Hypoxia and oxidative stress

Lipid accumulation and subsequent oxidative stress in the liver are considered the initial causes of NAFLD progression and the development of NASH. The accumulation of free fatty acids in hepatocytes due to insulin resistance, increased de novo lipogenesis or excessive lipid uptake from dietary sources can disrupt the mitochondrial microstructure, leading to impaired fatty acid β-oxidation and the production of reactive oxygen species (ROS)[17,18]. Overwhelmed ROS can trigger oxidative stress, which is a stressful state involving an imbalance between oxidative and antioxidant actions, usually due to excess ROS interfering with endogenous antioxidant defense system[5]. Oxidative stress can exacerbate lipid accumulation in hepatocytes, disrupt the structure and function of mitochondria; activate Kupffer cells; and promote the release of inflammatory factors such as tumor necrosis factor-alpha (TNF-α), interleukin (IL)-6, and IL-8, thereby exacerbating the inflammatory response of hepatocytes[19].

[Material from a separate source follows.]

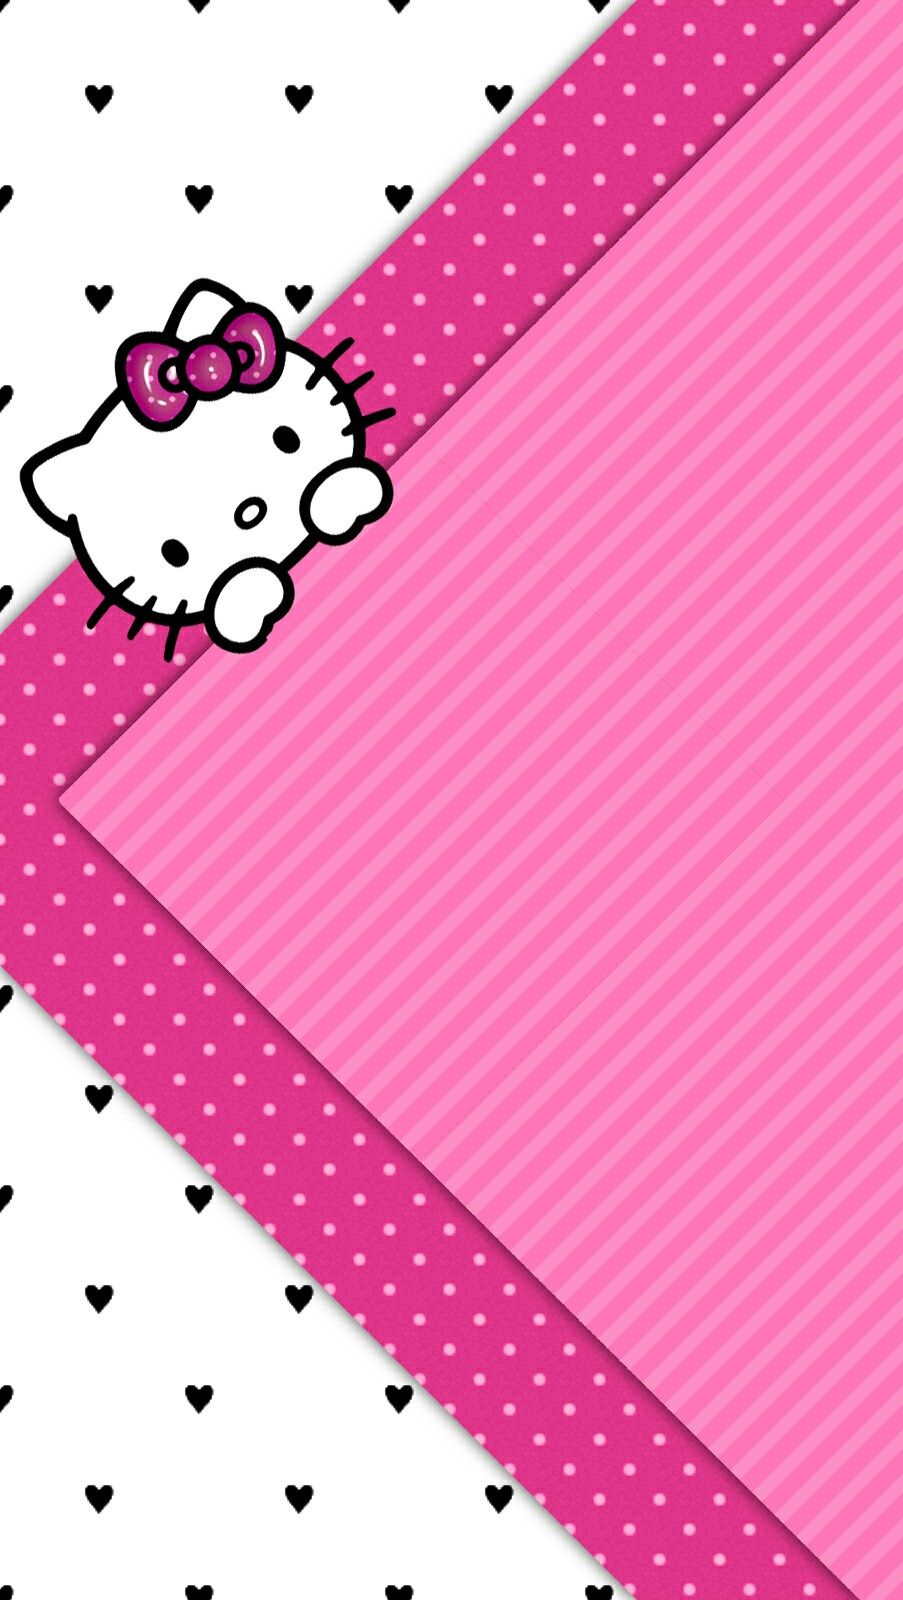 ハローキティの携帯壁紙,ピンク,パターン,ライン,設計,水玉模様
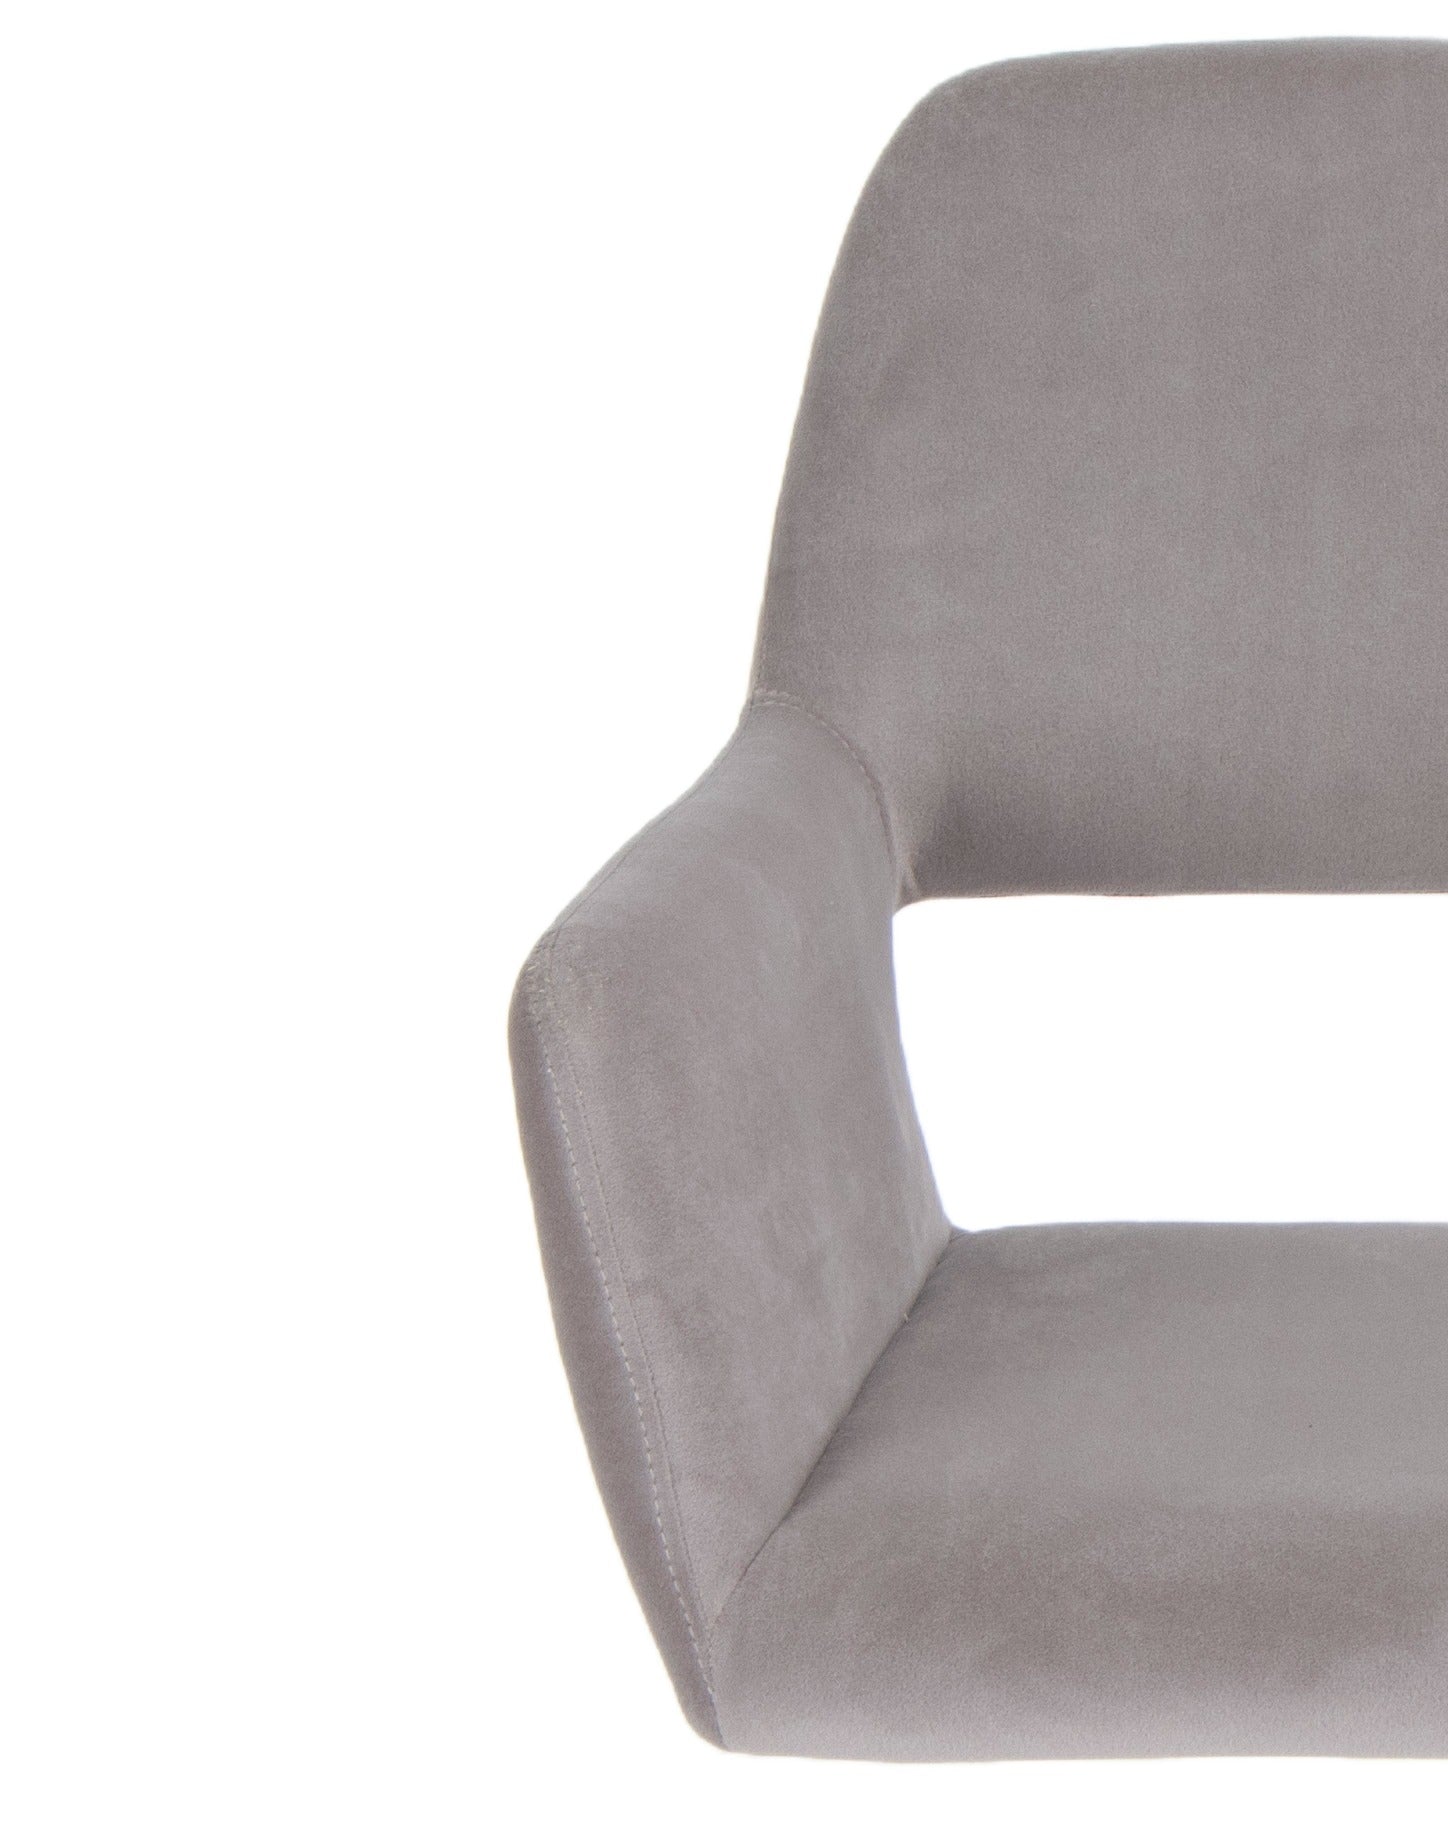 Gray Velvet Upholstered Swivel Office Chair - Tuesday Morning-Office Chairs

OSAHS is characterized by chronic intermittent hypoxia (CIH) that occurs at night, and prolonged CIH can lead to tissue hypoxia and promote oxidative stress, lipid peroxidation, and systemic inflammation. The disturbed lipid metabolism and excessive oxidative stress in the liver during NAFLD progression may further affect OSAHS. Accordingly, the combination of OSAHS aggravates hepatic impairment, promotes lipid metabolism disorder and increases insulin resistance in patients with NAFLD[20-22]. This was also demonstrated by the positive correlation between the severity of CIH in OSAHS patients and the severity of liver fibrosis measured by liver elastography[23]. Evidence from clinical investigations suggests an increased incidence of NAFLD in patients with OSAHS even in the absence of obesity or metabolic syndrome, while the severity of NAFLD is parallelly associated with the severity of OSAHS in NAFLD patients with OSAHS[24]. More importantly, even in children with NAFLD, nocturnal hypoxia-induced oxidative stress promotes disease progression[25]. In addition, patients with OSAHS are at risk of hypoxemia and even hypercapnia due to the collapse of the pharynx during sleep, resulting in upper airway obstruction and airflow restriction, as well as respiratory distress and even interruption of breathing, leading to a decrease in oxygen saturation.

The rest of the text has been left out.